Thrombin Generation and Low Molecular Weight Heparin Prophylaxis In Pregnant Women With Thrombophilia

Pregnancy is associated with an increased risk of venous thromboembolism (VTE) which is even more pronounced in the presence of inherited thrombophilia. Despite the well-established relation between thrombophilic pregnancies and VTE, there is no consensus on the optimal approach for thromboprophylaxis in this population. There is growing evidence that thrombin generation correlates with the overall procoagulant state of the plasma leading to elevated thrombosis risk. The aim of this study was to evaluate thrombin generation over the course of pregnancy in women with inherited thrombophilia compared to healthy pregnant women. We also aimed to investigate the effectiveness of low molecular weight heparin (LMWH) prophylaxis in pregnancy by measuring thrombin generation and anti-Factor-Xa activity.

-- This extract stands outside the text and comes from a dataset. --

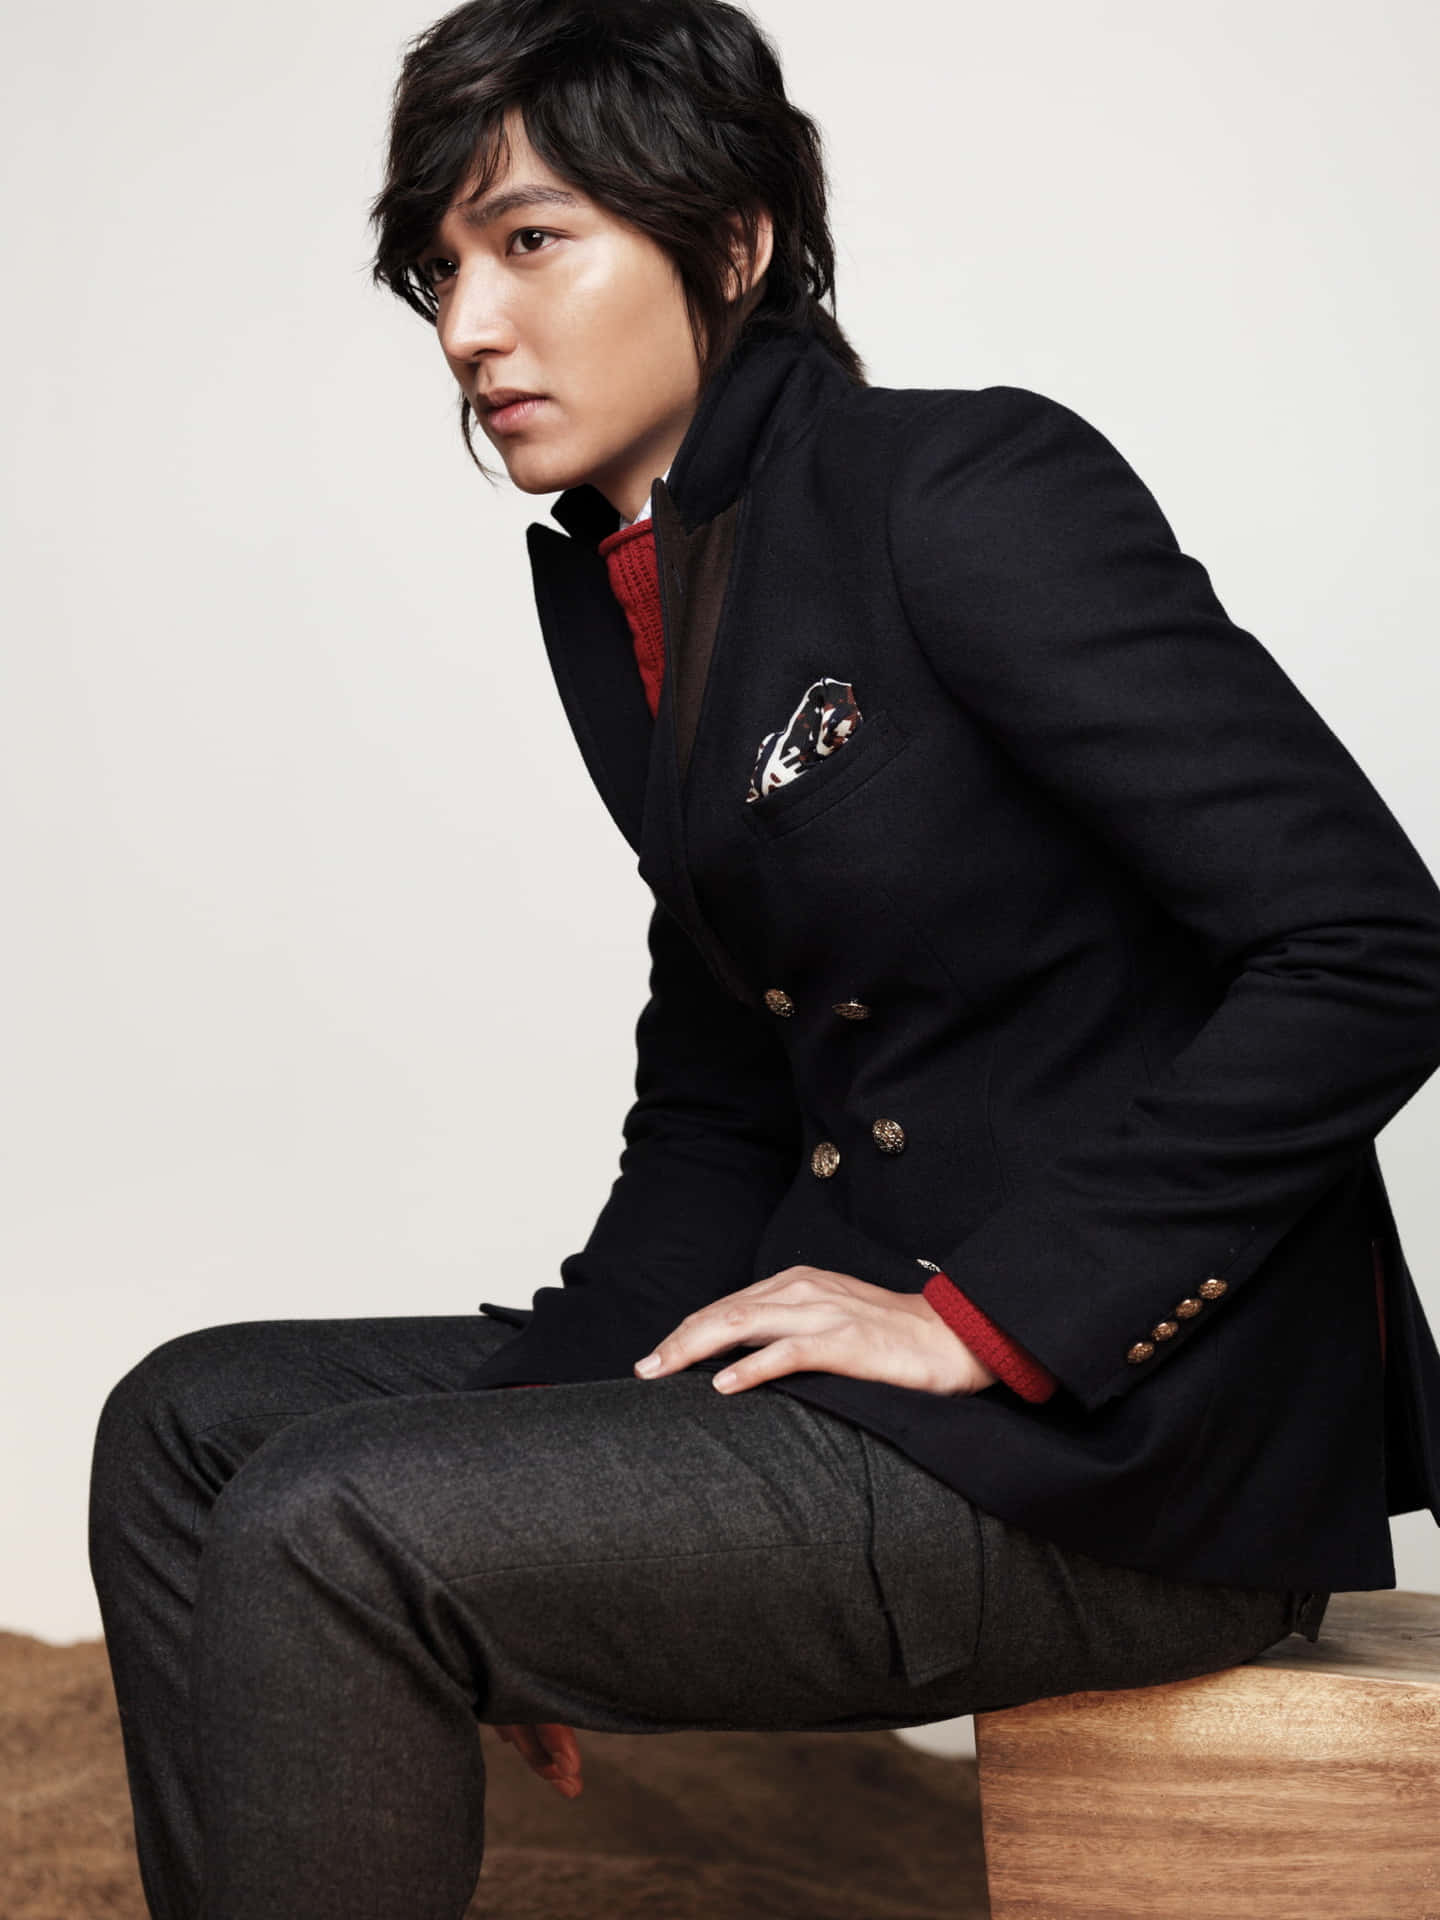 Lee Min Ho Men's Fashion Background
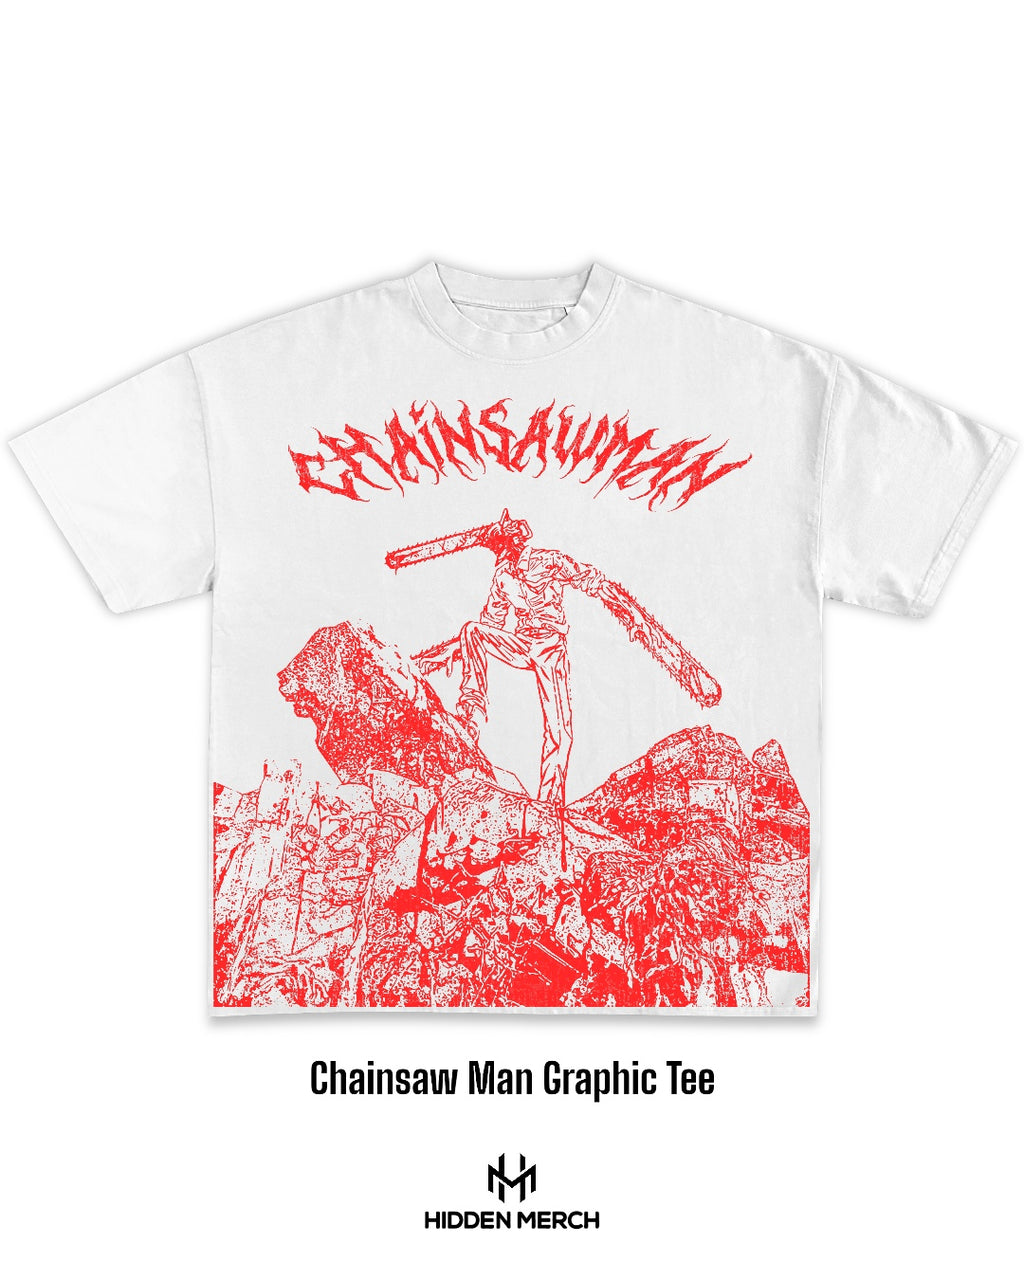 Chainsaw Man Graphic Tee

In this cohort study women with severe (n=8) and mild (n=47) thrombophilia were followed throughout their pregnancies. In addition, healthy pregnant women (n=15) were recruited as control subjects. Thrombin generation was evaluated in each trimester as well as 5 days after delivery and 8 weeks postpartum (baseline). In order to assess the effect of LMWH therapy at each stage of the pregnancy, thrombin generation and anti-Factor-Xa activity were measured just before and 4 hours after administration of the drug (peak and trough effect). Thrombin generation was determined using Technothrombin TGA assay system, and the results were evaluated with the provided software. For analysis, the median peak thrombin and endogenous thrombin potential were determined. The anti-Factor-Xa activity was measured by a commercially available chromogenic assay.

In all the 3 study groups, both peak thrombin and endogenous thrombin potential were increased over the course of pregnancy compared to the non-pregnant state. Peak thrombin and endogenous thrombin potential were higher in the severe thrombophilia group than in the other 2 groups in every trimester and also after delivery. There was no distinct difference in thrombin generation between the mild group and the controls. In women undergoing LMWH prophylaxis a decrease was observed in both the peak thrombin and endogenous thrombin potential after the drug was administered. Over the course of pregnancy the extent of this decrease reduced in a stepwise fashion. The difference between the 2 measurements (before and after LMWH) was smallest in the third trimester and increased again after delivery. Anti-Factor-Xa activity appeared to be enhanced at the peak effect of LMWH. However, the difference between the anti-Factor-Xa activity before and after LMWH administration remained unchanged over the progression of pregnancy. None of the women suffered from VTE or had any bleeding complications during the observation period.

Our results show that thrombin generation is increased during pregnancy, with higher levels in women with severe thrombophilic defects. In addition, our data demonstrate a decrease in the effect of LMWH with advancing stages of pregnancy. Until now no studies evaluated prospectively the effect of LMWH prophylaxis on thrombin generation over pregnancy. Our findings contribute to the ongoing debate about the necessity and intensity of thromboprophylaxis during pregnancy, providing new information about the coagulable state of mild and severe thrombophilic pregnant women. The decreasing antithrombotic effect of LMWH over pregnancy suggests a need for dose adjustment in late gestational weeks. Furthermore, our results imply that thrombin generation as a global coagulation test may demonstrate more sensitively the effect of LMWH than the anti-Factor-Xa activity assay.

No relevant conflicts of interest to declare.